Which is better overall to swim or run

Swimming & running. The perfect duo for endurance training?

Many runners also rely on swimming to support their training and with the Swim & Run events there are now even their own events that focus on both sports. It's high time to look at the combination of running and swimming in endurance training.

Why is swimming so recommended in combination with running training?
Since the form of movement and the muscular stress on the body are completely different in a swimming unit and a running unit, no double stress can arise on the muscles.
Due to the differences, swimming is a very good compensation for running training and the two endurance sports can be optimally combined. This results from the fact that the entire musculature is trained alternately.
This versatile movement also generally reduces the risk of injury in both sports and imbalances can be compensated for. In addition, a swimming unit can be used very well as endurance training. However, it is assumed that the swimming technique is correct.
However, since both sports still put stress on the cardiovascular system, you should ensure sufficient regeneration and take breaks from training

The following seven reasons speak mainly in favor of combining the two sports swimming and running:

  • Build up your stamina
  • Building the muscles
  • Improvement of regeneration
  • Protection against injuries
  • Improve posture
  • Strengthening the immune system
  • Facilitating new challenges

Build up your stamina and improve your basic endurance
Swimming can be used very well to build up stamina. Especially people who have never had much to do with endurance sports reach their limits relatively quickly when running. These limits can be increased with swimming training, so that running training can then be started at a moderate pace.

In particular, all those who are in no physical condition will be able to feel their way around very easily with swimming training. This results from the fact that only a tenth of your body weight has to be moved in the water. Because of this, swimming training is also recommended for joint problems.

Building the muscles
Since the muscles are not yet properly developed, especially for beginners, it can lead to pain and sore muscles. Because of this, it makes sense to do some swimming units before you start running. Many muscles are stressed during swimming.
This leads to the core, arm and leg muscles being gradually built up. So it is a gentle alternative to strength training.

Improvement of regeneration
If running training is on the schedule, the body can occasionally need a longer recovery break of several days. However, this does not immediately mean that you should sit on the couch and do nothing. There are far better alternatives for this, such as swimming. However, it is essential to ensure that it is a relaxed swim training session so that there is really an active recovery and not a new, high training load.
The water can relieve the musculoskeletal system and find the right balance for running.

Protection against injuries
Swimming not only helps with regeneration, building muscles or building stamina, it also helps to protect yourself from injuries. Overloading and one-sided training very often lead to injuries.
This risk can be offset by offsetting with another sport. Another advantage is that there are hardly any injuries while swimming.

Improve posture
As already mentioned, swimming demands a wide variety of muscle groups.
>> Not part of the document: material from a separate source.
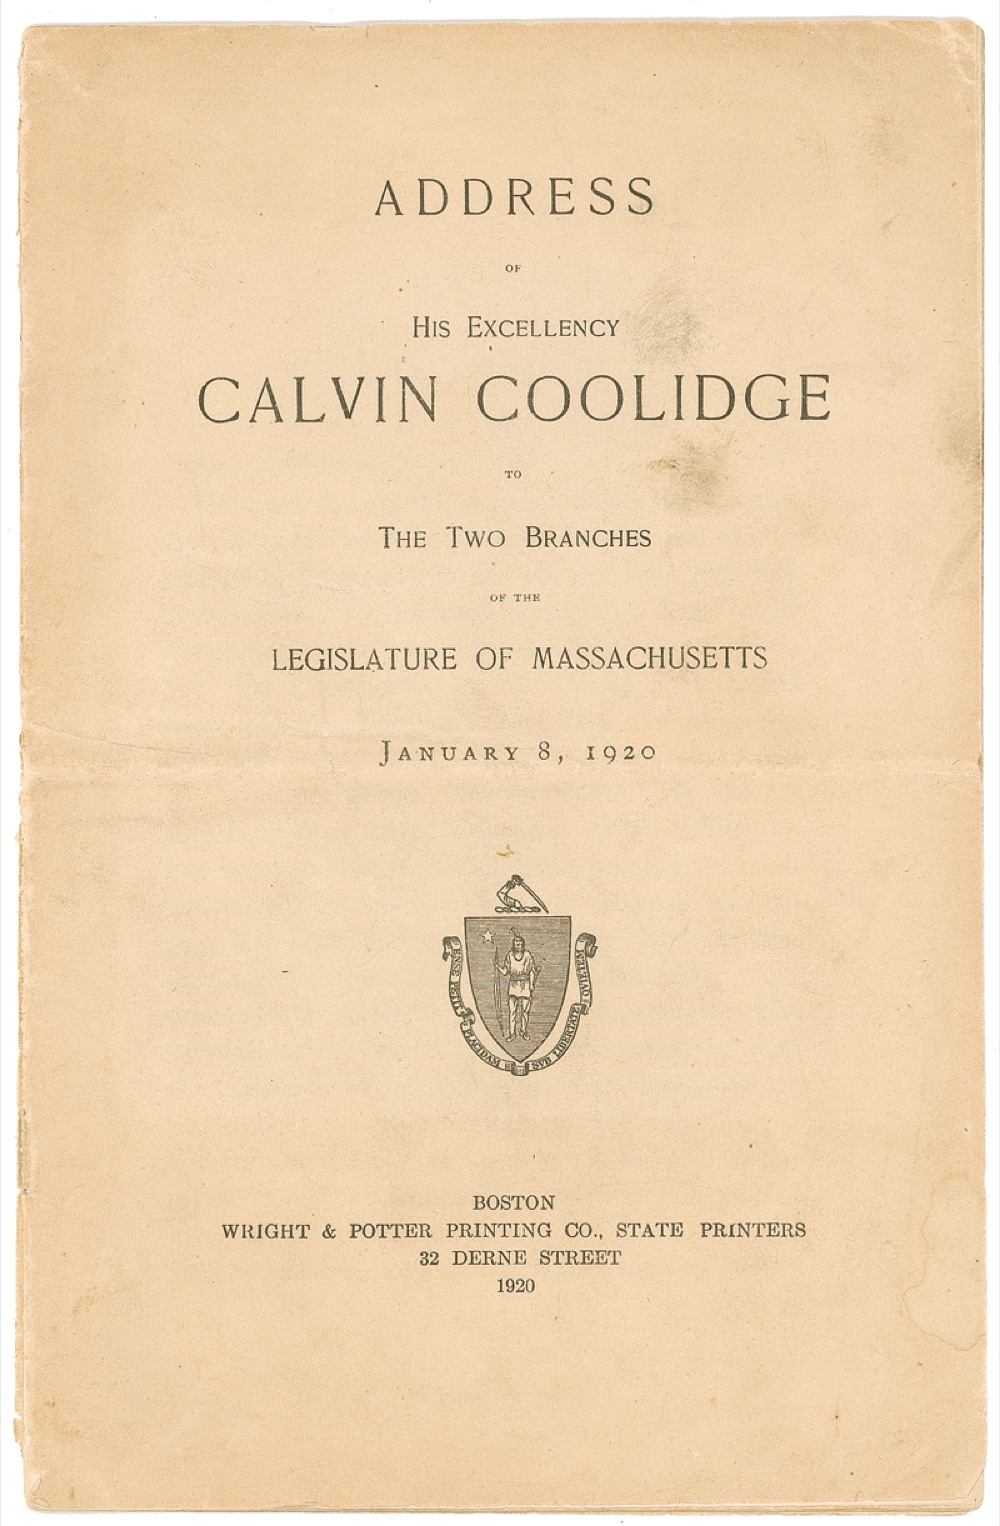 Lot #37 Calvin Coolidge

As a result, supporting muscles are built up and, above all, shoulders, back and stomach are trained. This should be an advantage especially for people who work while sitting, but it is also very helpful for runners. In addition, the body needs to be stretched when swimming.

Strengthening the immune system
Since there is higher pressure in water than on land, much more oxygen is transported into the muscles. This has a very positive effect on blood circulation. Furthermore, the metabolism is very demanding in the water, since the temperature difference has to be compensated. All of these aspects help to strengthen the immune system. As a result, the athletes are less susceptible to illnesses such as a cold.
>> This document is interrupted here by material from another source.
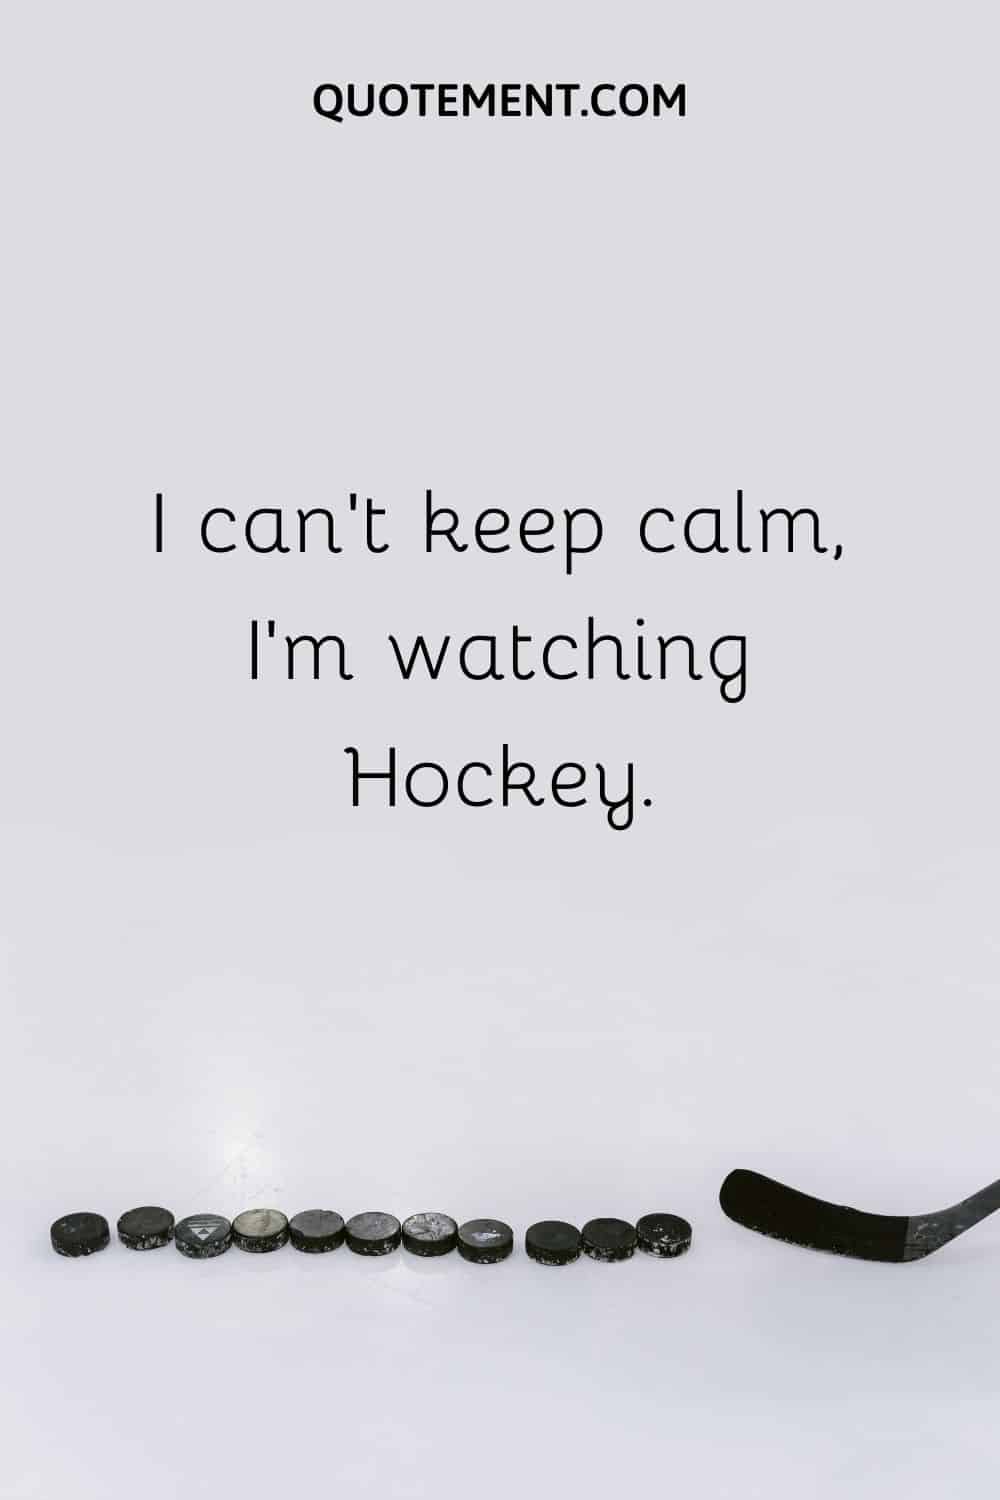 I can’t keep calm, I’m watching Hockey.

Facilitating new challenges
With the variety of sports, there are many new challenges. Many runners want to compete in a triathlon one day. This dream may seem a lot further away than it actually is. If you combine a few swimming units with running training, you can face these new challenges relatively quickly and I have had good experiences as a runner with my first triathlon.

Training recording with the sports watch for swimming and running
Today most heart rate monitors and GPS watches can record various sports activities, so swimming and running are no problem either. However, there are a few special features to consider. There is no GPS data when training on the treadmill or swimming training in the swimming pool. The distance covered or the number of lanes swam is then calculated using an algorithm.
However, some fitness watches only allow swimming with a chest strap. All data is then recorded in this belt and transferred to the sports watch and the associated apps after the workout. I have good experiences with the TomTom Adventurer and am currently traveling with the Polar Vantage with the H10 chest strap.
An activity tracker such as the Fitbit Charge is definitely sufficient for beginners

Conclusion on the combined training of running and swimming
In summary, it can be concluded that a combination of swimming and running training is ideally suited for a more balanced endurance training and that many body regions can be trained in parallel. Due to the high endurance component in anaerobic training, this training combination is also ideal for losing weight and can achieve excellent results, especially in combination with intermittent fasting.